— TASK DIRECTIONS —
The whole listing is to be given again without alteration, except that its pictures are dropped.

=== INFORMATION SUPPLIED ===

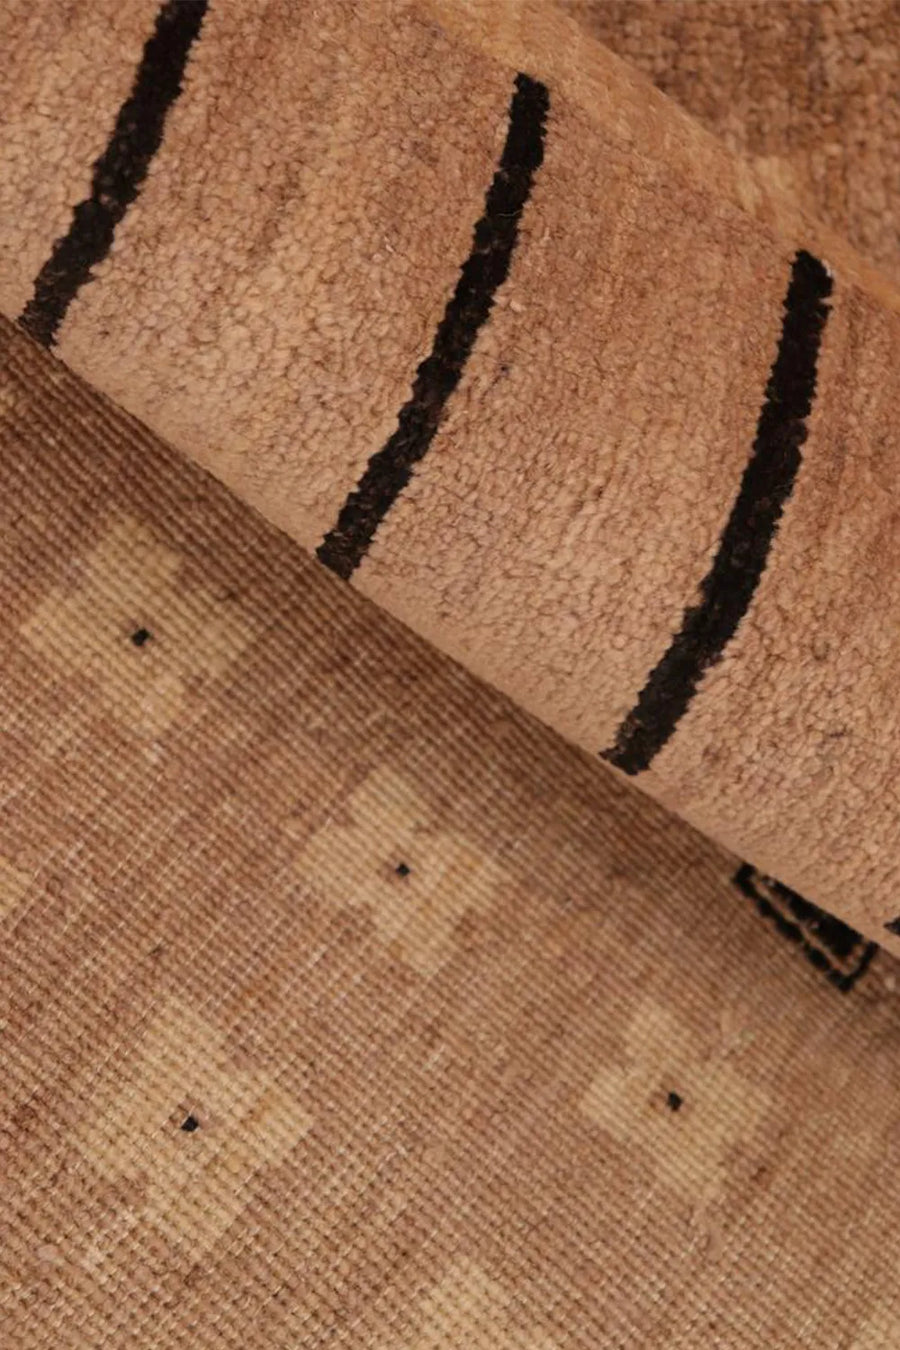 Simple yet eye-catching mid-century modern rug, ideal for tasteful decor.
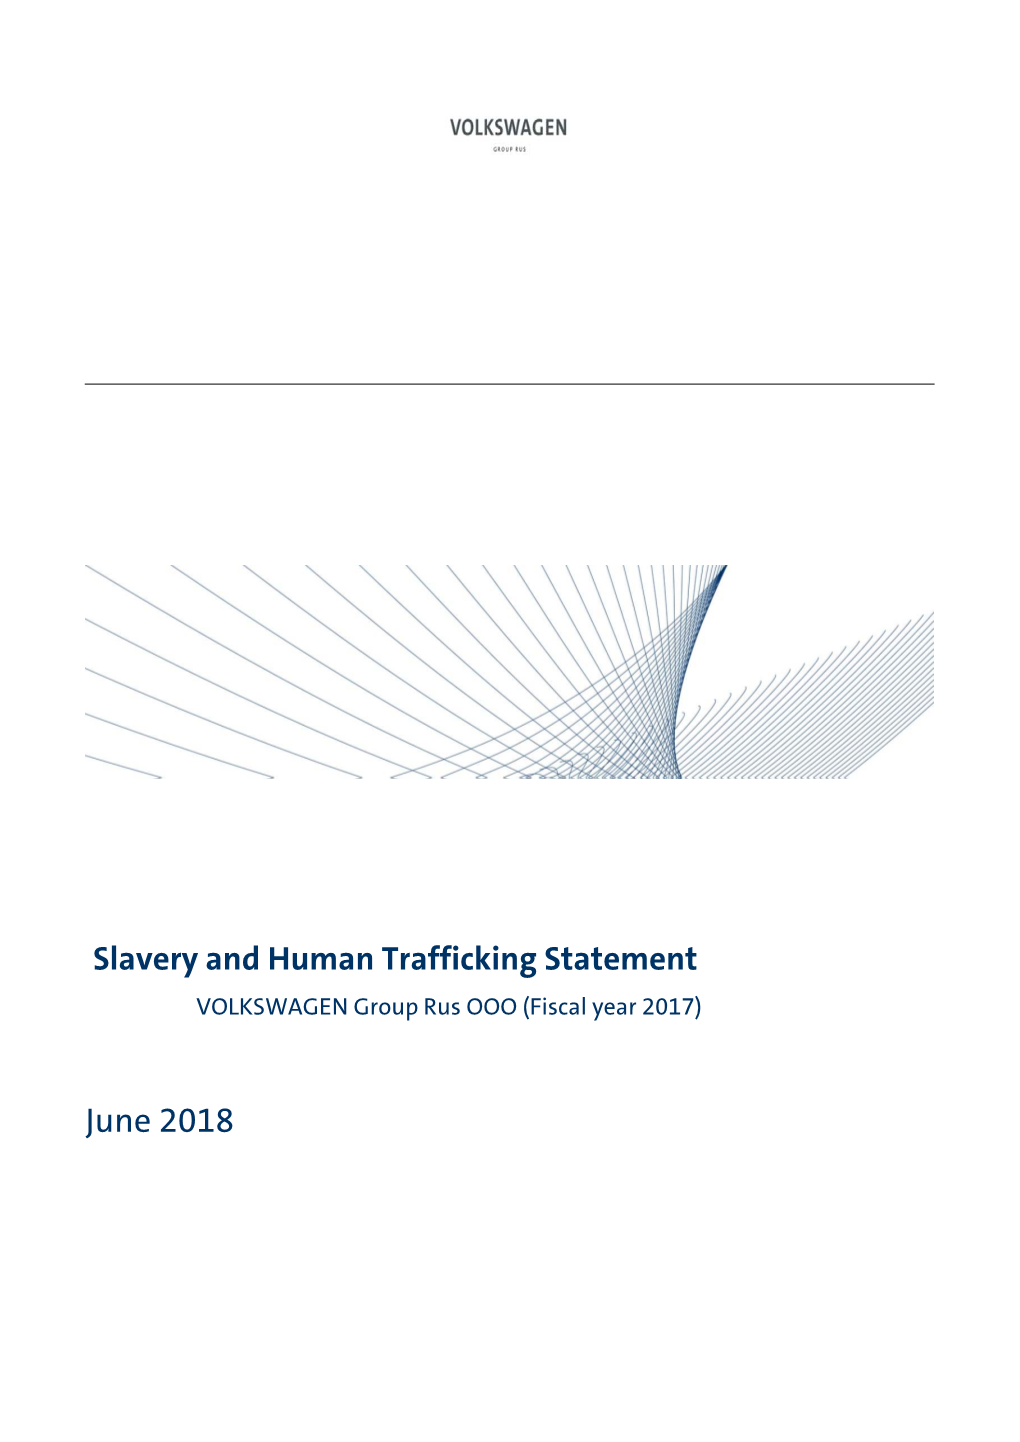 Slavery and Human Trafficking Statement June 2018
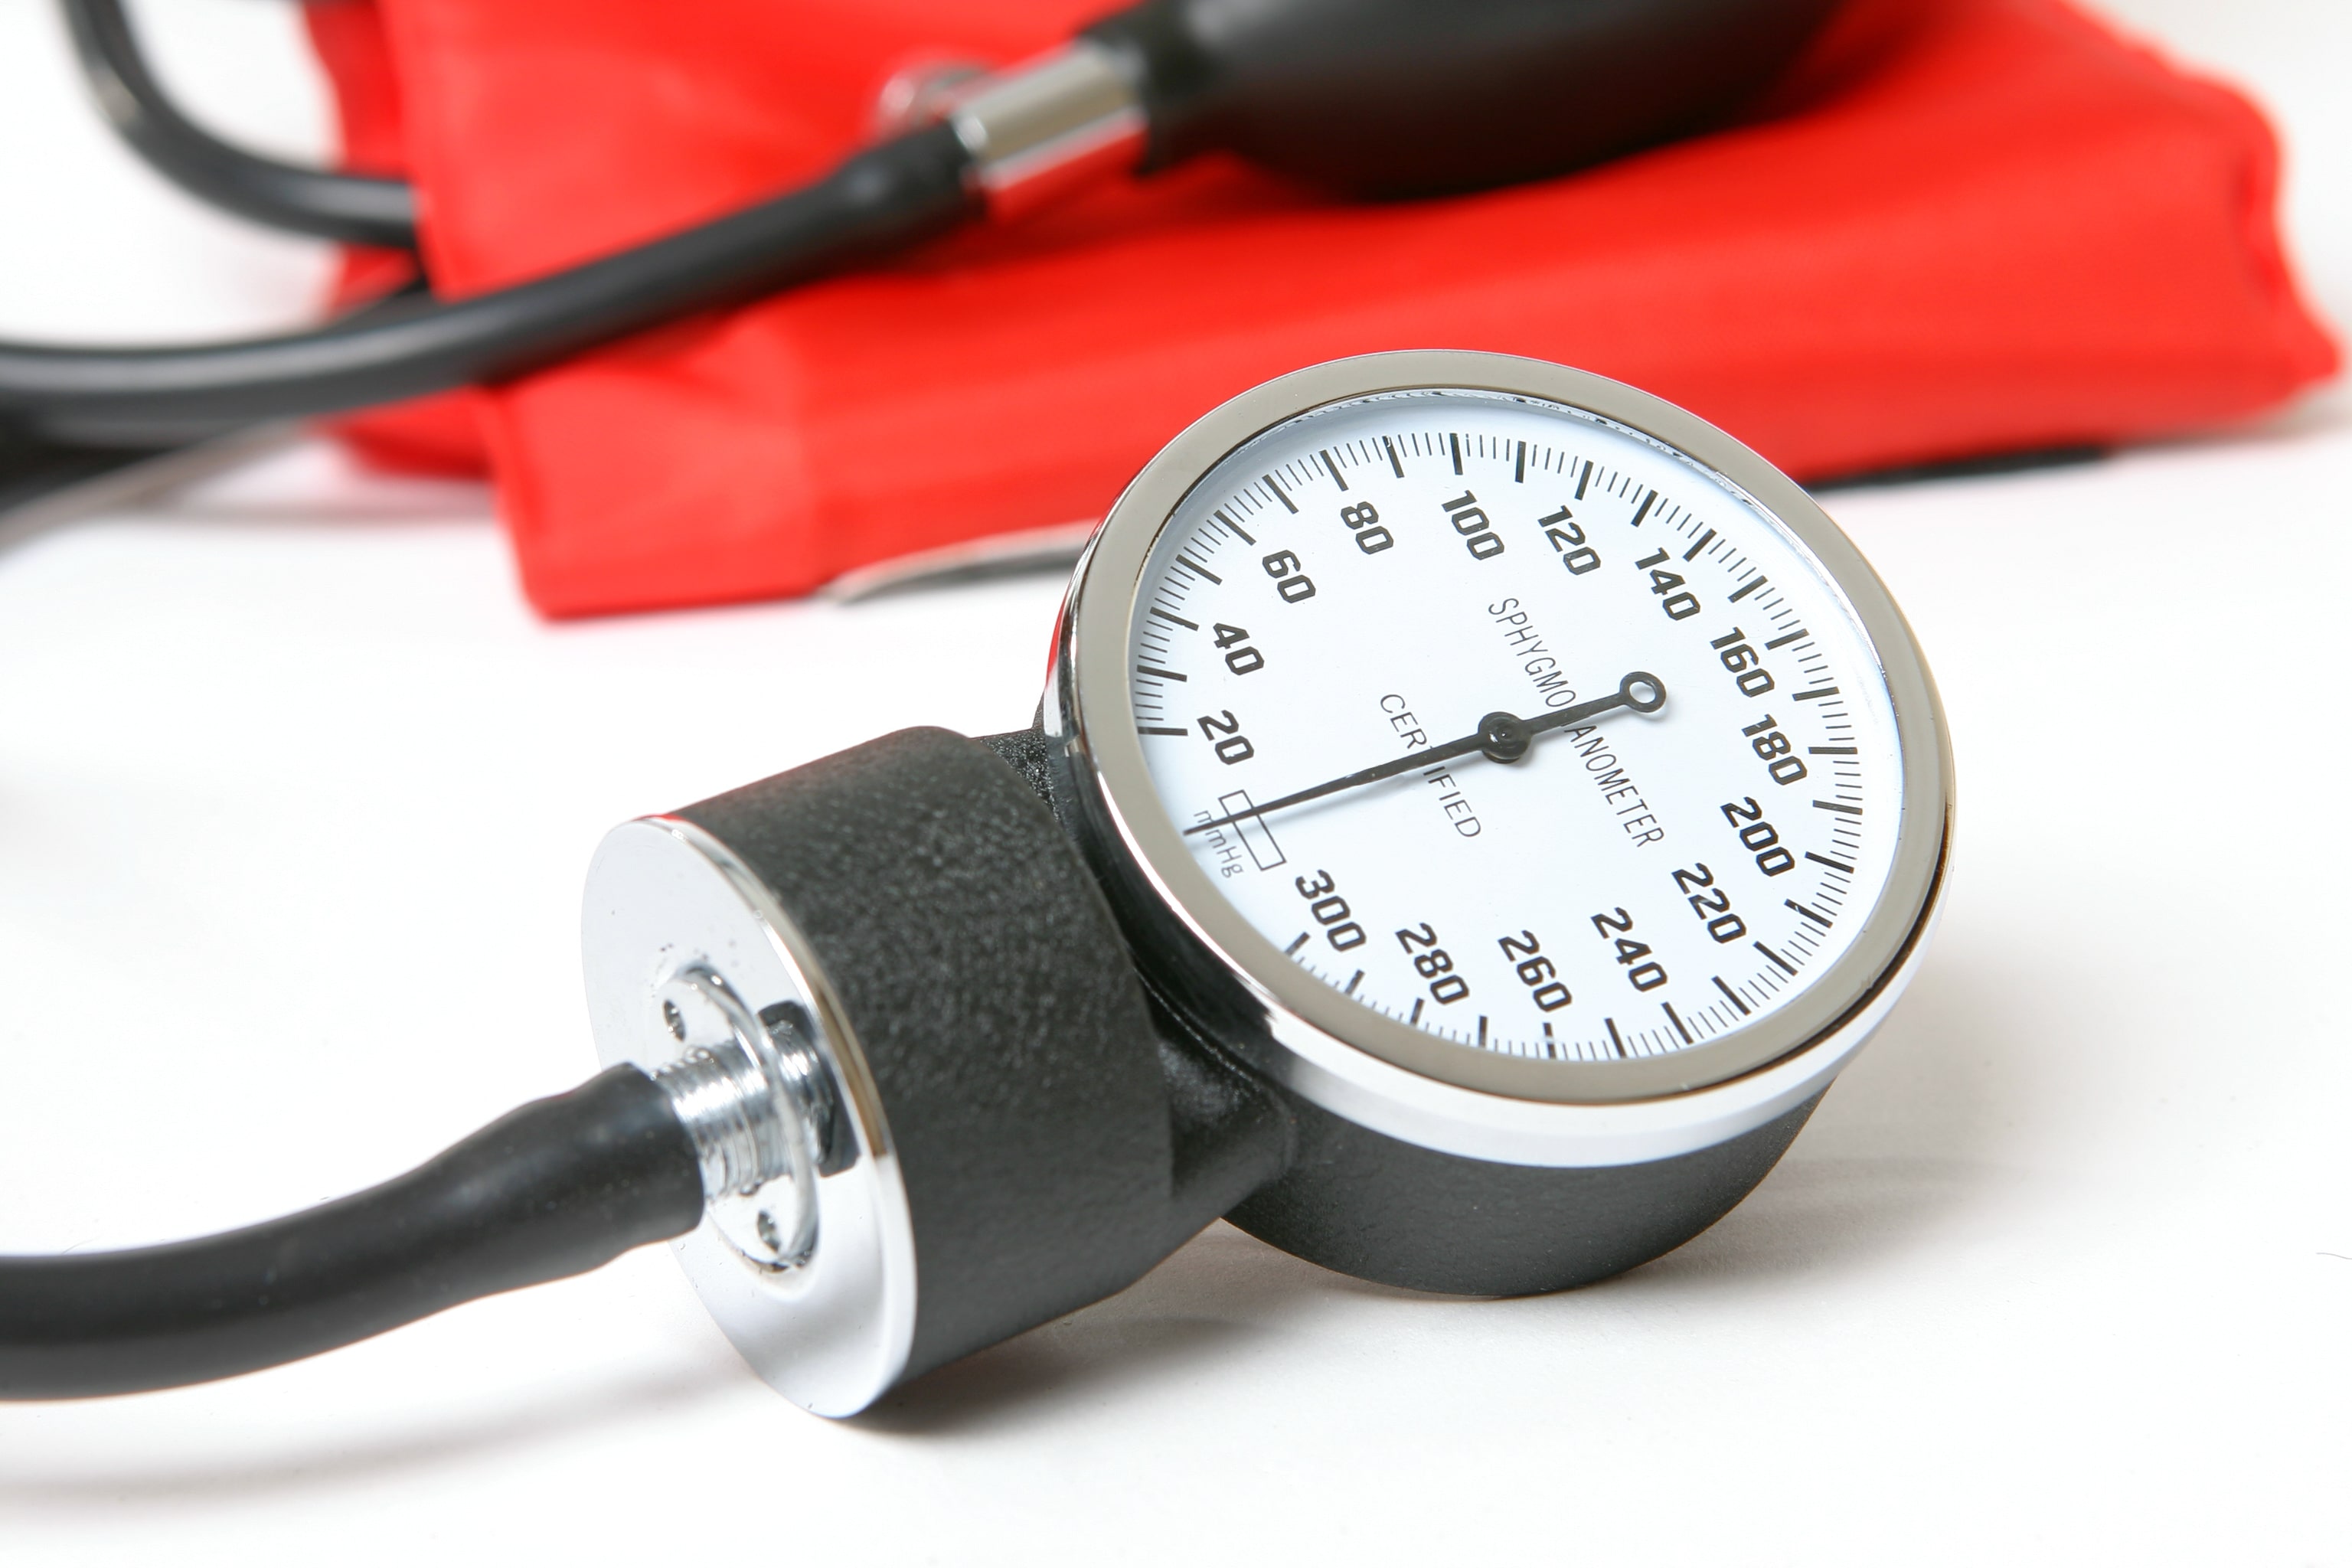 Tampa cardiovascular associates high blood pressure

===

— ANSWER BOX —
 Simple yet eye-catching mid-century modern rug, ideal for tasteful decor.
 Slavery and Human Trafficking Statement June 2018
 Tampa cardiovascular associates high blood pressure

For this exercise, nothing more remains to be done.